→ **EXERCISE GOAL**:
From the line that contains "Buy Ankle Bracelets" to the end of the records below, copy every line exactly. Both the first and last of these lines count.
━━━━━ INPUT DATA
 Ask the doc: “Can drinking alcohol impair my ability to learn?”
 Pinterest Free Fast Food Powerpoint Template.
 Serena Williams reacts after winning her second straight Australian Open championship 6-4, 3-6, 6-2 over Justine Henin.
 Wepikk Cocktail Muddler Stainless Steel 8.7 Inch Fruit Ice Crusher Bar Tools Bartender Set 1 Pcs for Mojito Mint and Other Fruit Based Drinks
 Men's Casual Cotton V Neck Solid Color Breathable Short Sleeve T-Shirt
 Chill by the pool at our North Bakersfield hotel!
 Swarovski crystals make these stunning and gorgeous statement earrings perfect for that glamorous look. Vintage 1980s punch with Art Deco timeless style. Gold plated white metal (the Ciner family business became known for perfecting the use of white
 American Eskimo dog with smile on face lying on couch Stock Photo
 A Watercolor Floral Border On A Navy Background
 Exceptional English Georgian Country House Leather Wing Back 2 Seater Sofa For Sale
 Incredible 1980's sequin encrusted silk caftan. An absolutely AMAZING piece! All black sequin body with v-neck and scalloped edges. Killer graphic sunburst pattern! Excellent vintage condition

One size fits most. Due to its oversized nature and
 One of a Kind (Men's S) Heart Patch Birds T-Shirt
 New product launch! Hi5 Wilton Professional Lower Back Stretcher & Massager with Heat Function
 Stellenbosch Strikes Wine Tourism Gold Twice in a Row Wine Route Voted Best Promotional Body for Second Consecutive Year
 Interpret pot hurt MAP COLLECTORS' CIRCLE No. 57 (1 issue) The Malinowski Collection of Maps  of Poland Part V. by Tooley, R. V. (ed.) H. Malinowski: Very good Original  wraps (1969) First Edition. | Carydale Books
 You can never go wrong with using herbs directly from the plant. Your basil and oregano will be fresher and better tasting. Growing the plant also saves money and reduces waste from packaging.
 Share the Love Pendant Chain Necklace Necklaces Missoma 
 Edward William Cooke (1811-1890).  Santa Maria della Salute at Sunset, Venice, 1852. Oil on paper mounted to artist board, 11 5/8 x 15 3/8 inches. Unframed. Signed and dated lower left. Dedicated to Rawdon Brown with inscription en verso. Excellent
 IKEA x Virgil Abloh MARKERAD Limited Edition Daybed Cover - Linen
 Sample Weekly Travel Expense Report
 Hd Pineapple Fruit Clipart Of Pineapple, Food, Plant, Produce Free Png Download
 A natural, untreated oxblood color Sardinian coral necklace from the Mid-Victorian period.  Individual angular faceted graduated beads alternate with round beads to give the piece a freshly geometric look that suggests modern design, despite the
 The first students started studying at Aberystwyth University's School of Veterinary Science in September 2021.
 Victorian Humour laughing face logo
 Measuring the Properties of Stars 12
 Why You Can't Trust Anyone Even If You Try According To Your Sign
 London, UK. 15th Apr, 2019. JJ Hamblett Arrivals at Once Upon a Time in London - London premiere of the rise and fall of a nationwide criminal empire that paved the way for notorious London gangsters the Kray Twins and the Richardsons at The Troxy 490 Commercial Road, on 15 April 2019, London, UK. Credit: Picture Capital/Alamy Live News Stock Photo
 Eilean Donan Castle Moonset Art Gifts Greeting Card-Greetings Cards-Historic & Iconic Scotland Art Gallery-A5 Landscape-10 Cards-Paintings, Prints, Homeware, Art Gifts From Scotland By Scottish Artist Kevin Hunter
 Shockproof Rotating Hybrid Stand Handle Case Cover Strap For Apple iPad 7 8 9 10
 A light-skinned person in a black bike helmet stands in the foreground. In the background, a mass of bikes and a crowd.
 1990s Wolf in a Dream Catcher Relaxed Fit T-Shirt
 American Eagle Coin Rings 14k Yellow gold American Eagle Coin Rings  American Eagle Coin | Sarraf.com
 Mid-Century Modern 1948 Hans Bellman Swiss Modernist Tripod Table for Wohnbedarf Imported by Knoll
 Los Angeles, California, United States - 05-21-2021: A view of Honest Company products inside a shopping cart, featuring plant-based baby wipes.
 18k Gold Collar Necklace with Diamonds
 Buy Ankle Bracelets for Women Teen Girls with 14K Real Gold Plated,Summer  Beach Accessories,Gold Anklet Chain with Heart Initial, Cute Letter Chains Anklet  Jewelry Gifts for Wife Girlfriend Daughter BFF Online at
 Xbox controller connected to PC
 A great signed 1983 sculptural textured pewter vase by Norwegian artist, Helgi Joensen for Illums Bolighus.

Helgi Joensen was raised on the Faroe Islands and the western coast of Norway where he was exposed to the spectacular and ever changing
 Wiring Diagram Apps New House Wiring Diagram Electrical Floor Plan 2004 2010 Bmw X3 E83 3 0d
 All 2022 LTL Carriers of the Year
━━━━━━━━━━
→ **TASK OUTPUT**:
 Buy Ankle Bracelets for Women Teen Girls with 14K Real Gold Plated,Summer  Beach Accessories,Gold Anklet Chain with Heart Initial, Cute Letter Chains Anklet  Jewelry Gifts for Wife Girlfriend Daughter BFF Online at
 Xbox controller connected to PC
 A great signed 1983 sculptural textured pewter vase by Norwegian artist, Helgi Joensen for Illums Bolighus.

Helgi Joensen was raised on the Faroe Islands and the western coast of Norway where he was exposed to the spectacular and ever changing
 Wiring Diagram Apps New House Wiring Diagram Electrical Floor Plan 2004 2010 Bmw X3 E83 3 0d
 All 2022 LTL Carriers of the Year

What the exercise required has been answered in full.